Making Your Characters a Character

Sunday, February 13, 2011

Monk is one of my all time favorite characters. Two more characters that rank high on my list are Columbo and Matlock. They have character—big, big character. Brilliance disguised by bungling ineptness. I enjoyed Columbo and Matlock, but poor Monk had the most to overcome. I held my breath for him, I cried for him, I cheered for him.

To develop characters similar to these three start with a visual clue. They possess something that makes them vulnerable or inept when first met. Monk can't shake hands and shows his fears; Columbo has an unkempt look and appears clueless; and Matlock has a loud, southern drawl and a back-woodsy personality. The villains easily underestimate them.

This trio has a common trait; an inner intuition and a way of putting facts together to support their suspicions. As writers, it's our responsibility to portray a uniqueness about our characters. Find a trait that will enhance your character, yet distinguish them from other protagonists.

Developing a character is not easy to do. Learn your character inside out. Learn her fears. Learn her loves. What makes him tick and what ticks him off. What was their third grade teacher's name and how did they feel about her? Most of all the characters have to become Characters and in order to do that, their personalities have to be established.

Their personalities need to be likable if they are the hero and unlikable or flawed if they are the bad guy.

I found this website, the Enneagram Institute; it has some basic information on personality types. Here's an Enneagram chart revealing the 9 basic personalities.

From the chart, these one-word descriptors can be expanded into four-word sets of traits. Keep in mind that these are merely highlights and do not represent the full spectrum of each type.
  • Type One is principled, purposeful, self-controlled, and perfectionistic.
  • Type Two is demonstrative, generous, people-pleasing, and possessive.
  • Type Three is adaptive, excelling, driven, and image-conscious.
  • Type Four is expressive, dramatic, self-absorbed, and temperamental.
  • Type Five is perceptive, innovative, secretive, and isolated.
  • Type Six is engaging, responsible, anxious, and suspicious.
  • Type Seven is spontaneous, versatile, distractible, and scattered.
  • Type Eight is self-confident, decisive, willful, and confrontational.
  • Type Nine is receptive, reassuring, agreeable, and complacent.

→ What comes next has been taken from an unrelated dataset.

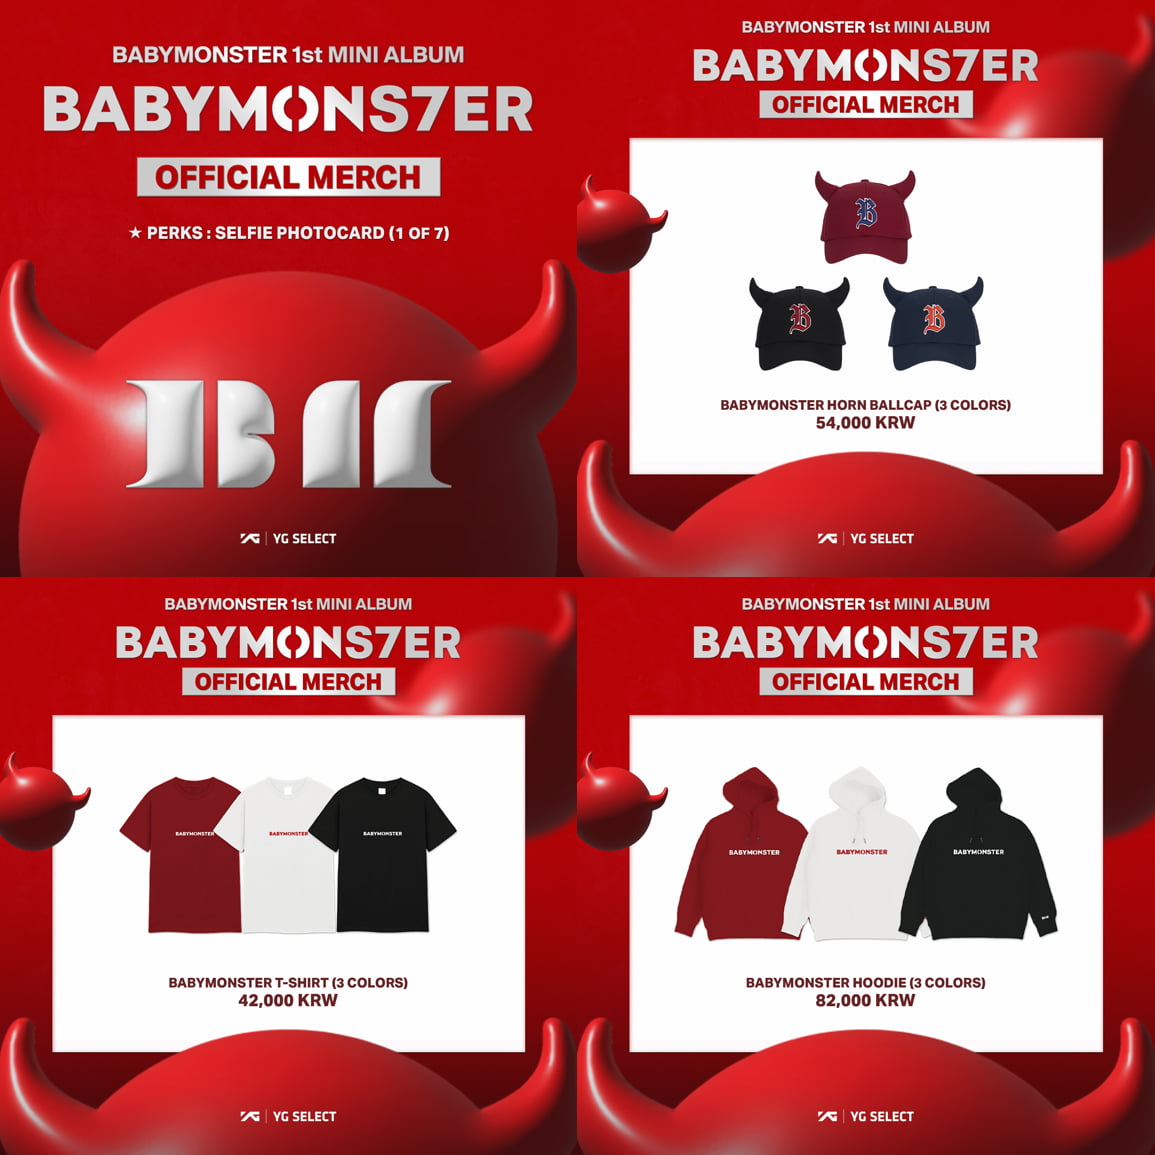 YG PLUS releases Baby Monster official MD

Tip: A great resource to help you keep track of all your character traits is this Character Trait Chart and Personality Components on WOW!

Monk photo
Columbo series?view=0


Unknown said...

What an informative post, Cher'ley!

That visual info is great for me as a way to process this data. Thanks!


Cher'ley said...

Hi Patricia,
I'm so glad you enjoyed it. I really love characters, fictional and in real life. I thought the personality chart was interesting too.

Unknown said...

Great article! Very helpful info about character development (something I need to work on) I love Monk too ;)

Cher'ley said...

Thanks Jenn. I thought I had my character flushed out pretty well until I started researching for this article. LOL.

Cher'ley said...

Thanks for the WOW link on character building. I was thinking of that and forgot to post the link.

Cher'ley said...

Still nice informative blog post.

Cher'ley said...

Thank you so much. Glad you enjoyed this blog post.